One more reason to write an expiry date on a SIM card is that telecom companies don’t want their SIM cards to remain in circulation forever. Many small and slow developments take place through which local SIM cards go like storage space, security form, and branding, which are ultimately useful from a long-run perspective. In such cases, only the newest version of SIM cards will be used, and the rest will vanish slowly. For example, the transition from SIM to USIM, which was resulted due to the introduction of 4G networks. That’s why old local SIM cards had to be exchanged for newer ones.
The Validity of a Mobile Phone Number
To start using a SIM card, you need to activate it first of all. The SIM cards sold in stores are almost blank. As soon as you activate a SIM card, it is registered in all the systems of the telecom service provider. It also connected with the information you provided while purchasing the SIM card from the retailer.
An activated SIM card is connected to an account featuring calling credit and data credit details. In most cases, active local SIM cards are linked to you as a person. This is made compulsory by governments for national security. If a local SIM card isn’t used for a prolonged period of time, it is suspended or blocked.
The two primary reasons why service providers do this are:
- Limited amount of available phone numbers: Service providers take telephone numbers from the local government on rent, and then they issue them to their customers. It costs a lot of money, and it would be too expensive to keep phone numbers connected to local SIM cards forever. That’s why most of the service providers suspend local SIM cards after 3 months to 12 months of inactivity so that they can make the phone number available to use again by a new subscriber. Service providers use a cooling-off period of a few months to one year before assigning that phone number to a new customer. They do this so that a new customer doesn’t receive messages or calls from the previous “owner” of the phone number.
- The limited capacity of a service provider’s database: An active SIM is registered in different systems, and it keeps track of things like consumption balance history, data and calling credit, the validity of the SIM card, the antenna to which the SIM card was last connected, etc. If we take into account only a single SIM card, the numbers are not very big. But with millions of active SIMs, it makes a lot of difference whether you leave SIMs active forever or suspend them after a certain period of inactivity. That’s how telecom companies use less capacity and save costs.
The Validity of Prepaid Credit
This is the most difficult to understand of all three forms of validity. The validity of the prepaid credit is purely a commercial decision of the service provider.
Calling credit validity is a very luring topic for service providers. Many of them offer prepaid credit that can be kept for as long as the SIM remains active.
Call credit is especially useful for phone calls and text messages. But it is very disadvantageous to use data directly from your call credit since it costs you a lot.

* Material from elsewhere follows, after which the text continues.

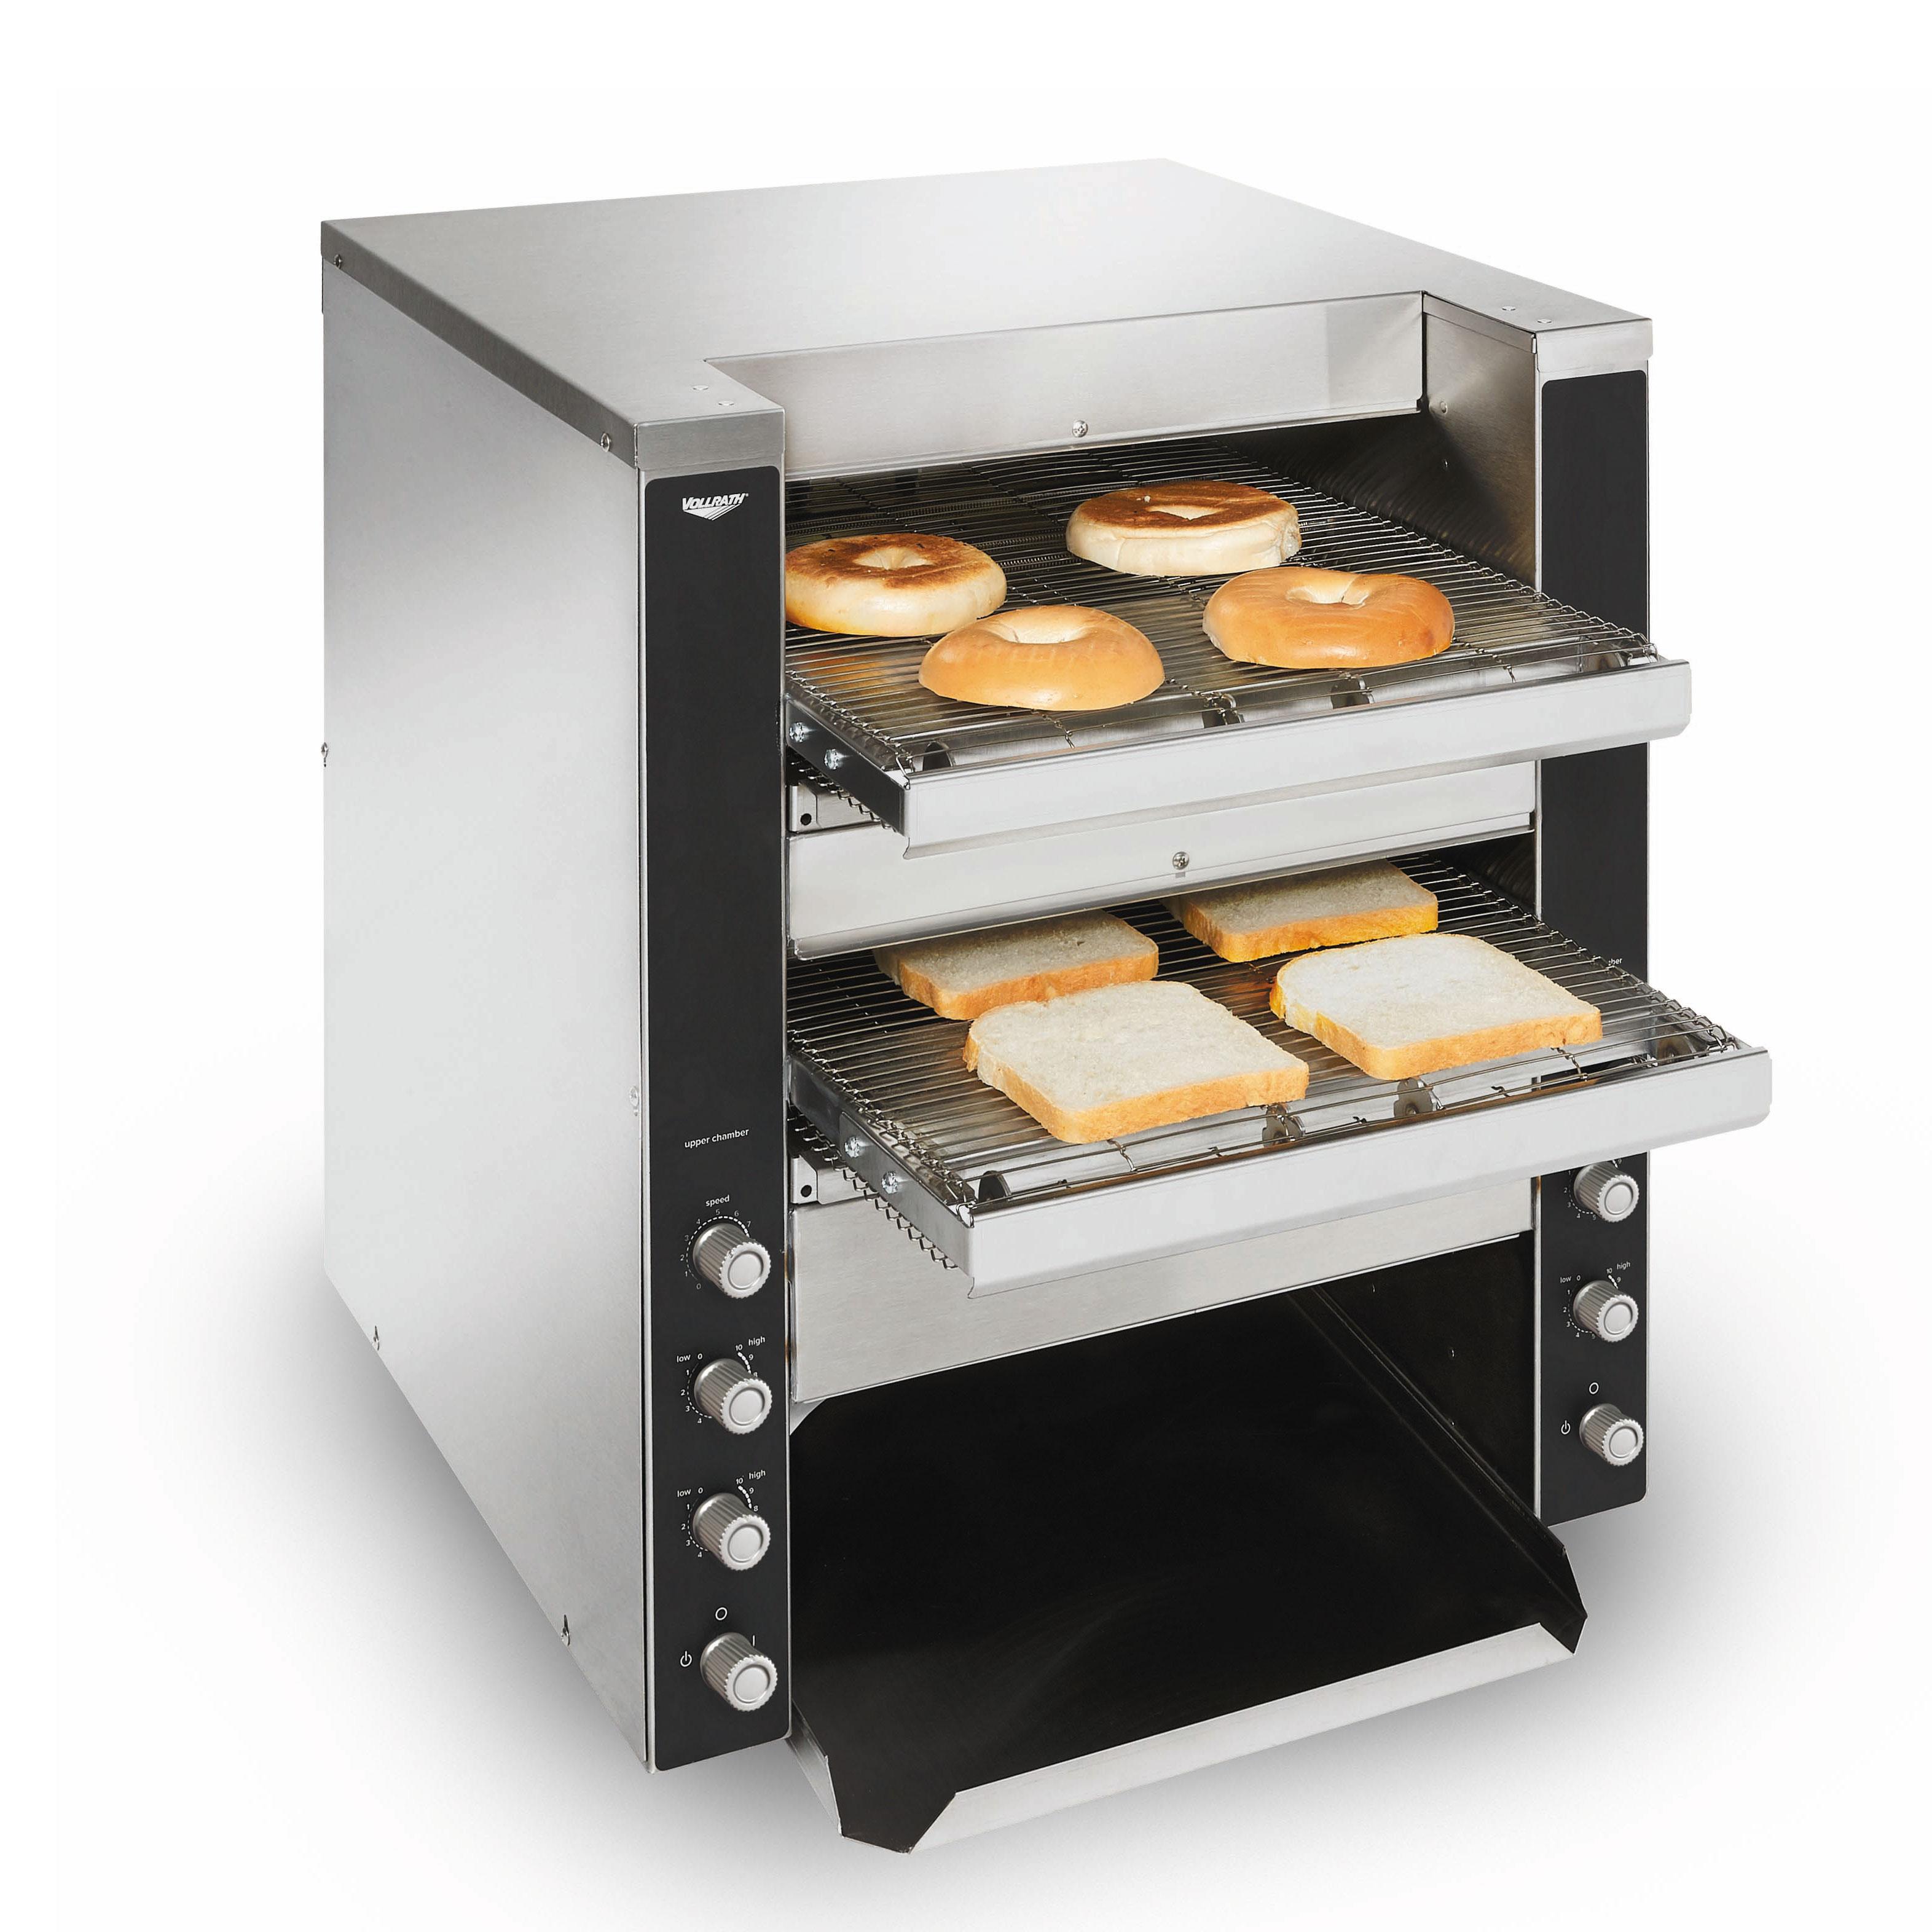 Vollrath CT4-208DUAL toaster, conveyor type

There are basically two solutions to this. One is to choose Pay-As-You-Go (PAYG) plans. These plans allow you to pay per every MB you use. The second option is to buy either a data bundle separately or buy a combo of data bundle and calling credit.
Wrapping Up
In short, there are 3 types of validity.
- The validity of a physical local SIM card allows telecom companies to maintain a clean database. That’s why they circulate a limited number of local SIM cards with expiry date in the market.
- The validity of phone numbers allows the service providers to assign phone numbers to only active users, as there are a limited number of phone numbers available.
- The validity of prepaid call or data credit is valid for a limited number of days. This allows the service providers to sell prepaid data bundles at an affordable price. If the user needs to consume fewer data, then he can opt for PAYG data plans.
The reason there are no exact rules to affix validity to SIM cards is simple: They depend a lot on your individual recharge/reload activity. It can be very complicated even within the same operator but having different tariff plans. They vary widely between several countries of the world.